» Task objective:
Using the entries below, copy exactly each line from the line with "La Germania Amn705mfesxt" up to and including the line with "Летнее платье дорогого", with every picture left out.

» Exercise data:
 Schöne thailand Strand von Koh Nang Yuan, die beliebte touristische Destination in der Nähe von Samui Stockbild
--
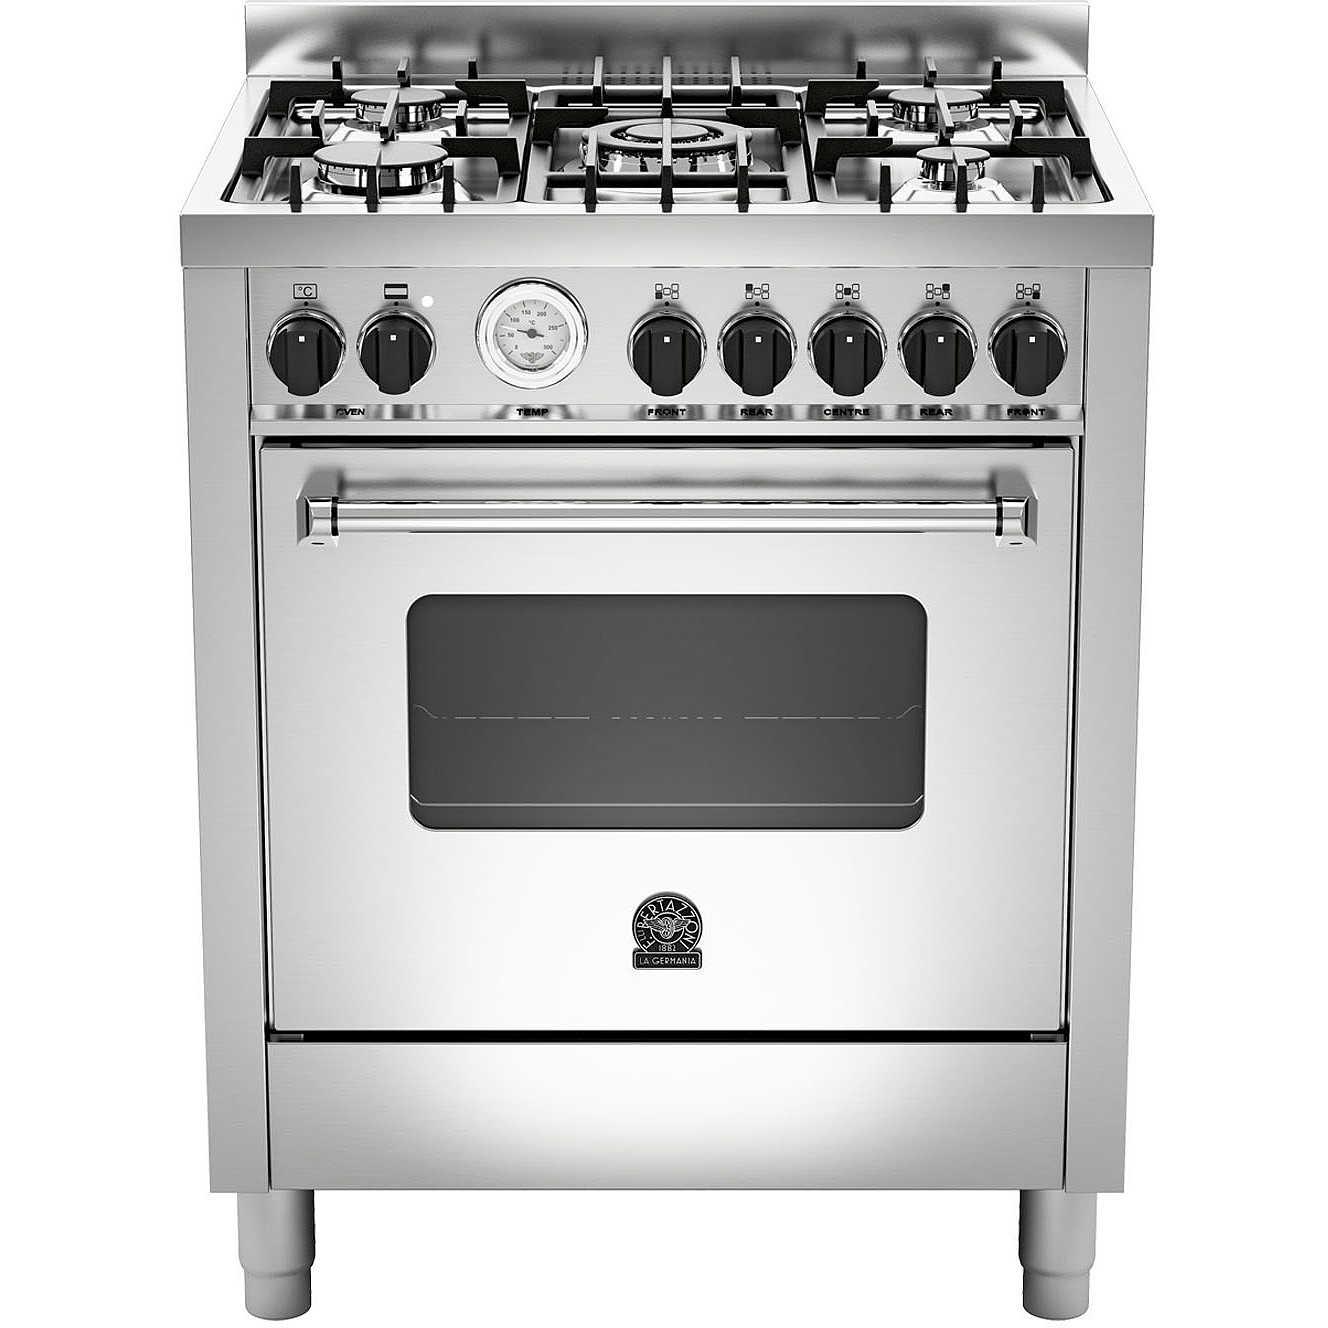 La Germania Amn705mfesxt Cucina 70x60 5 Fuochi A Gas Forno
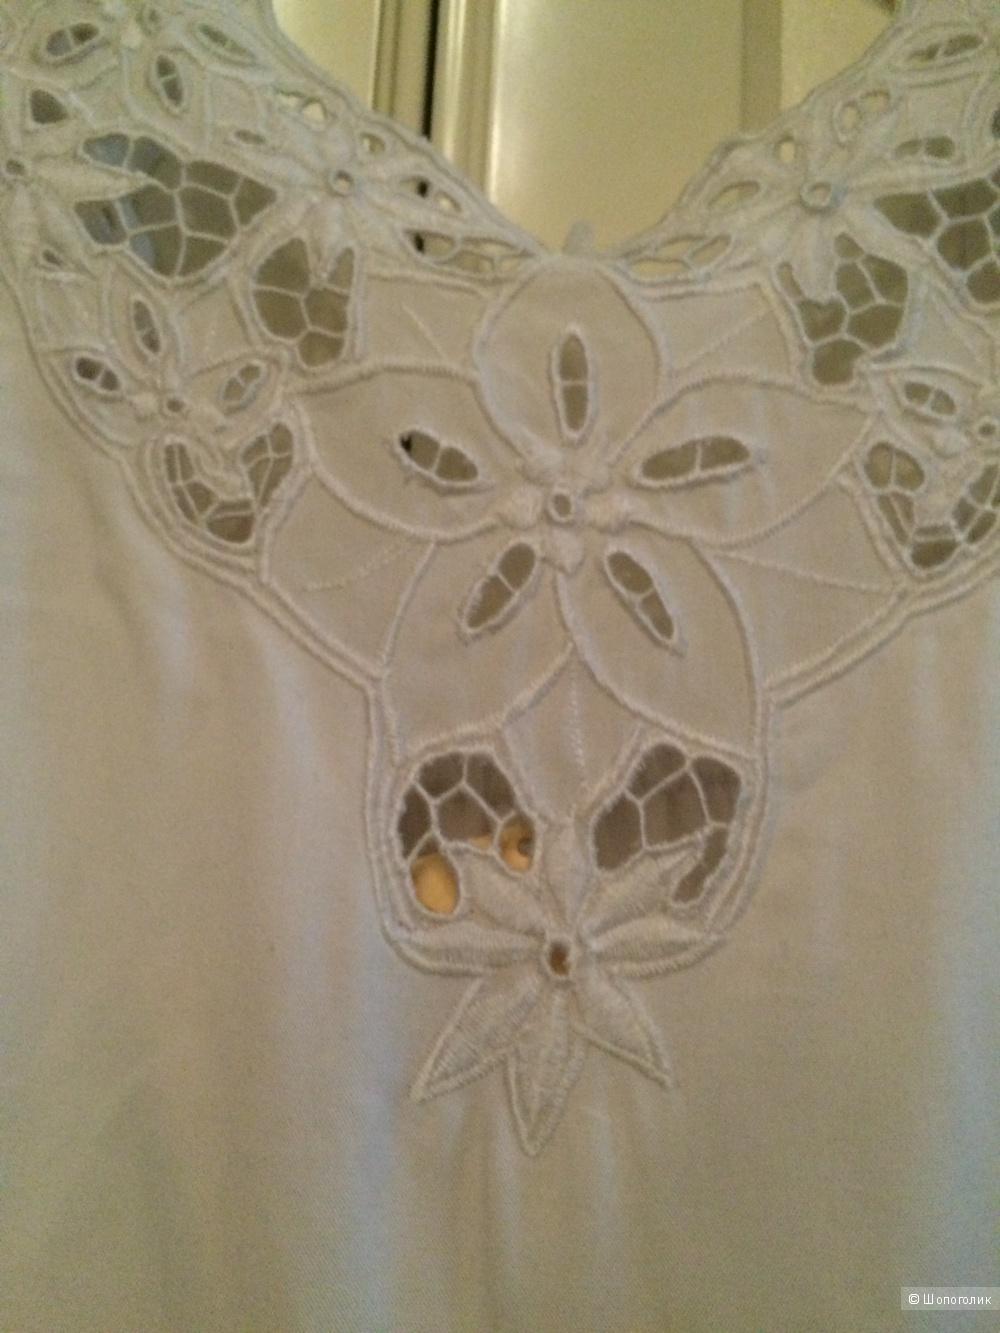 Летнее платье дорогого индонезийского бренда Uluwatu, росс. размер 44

» Answer box:
 La Germania Amn705mfesxt Cucina 70x60 5 Fuochi A Gas Forno
 Летнее платье дорогого индонезийского бренда Uluwatu, росс. размер 44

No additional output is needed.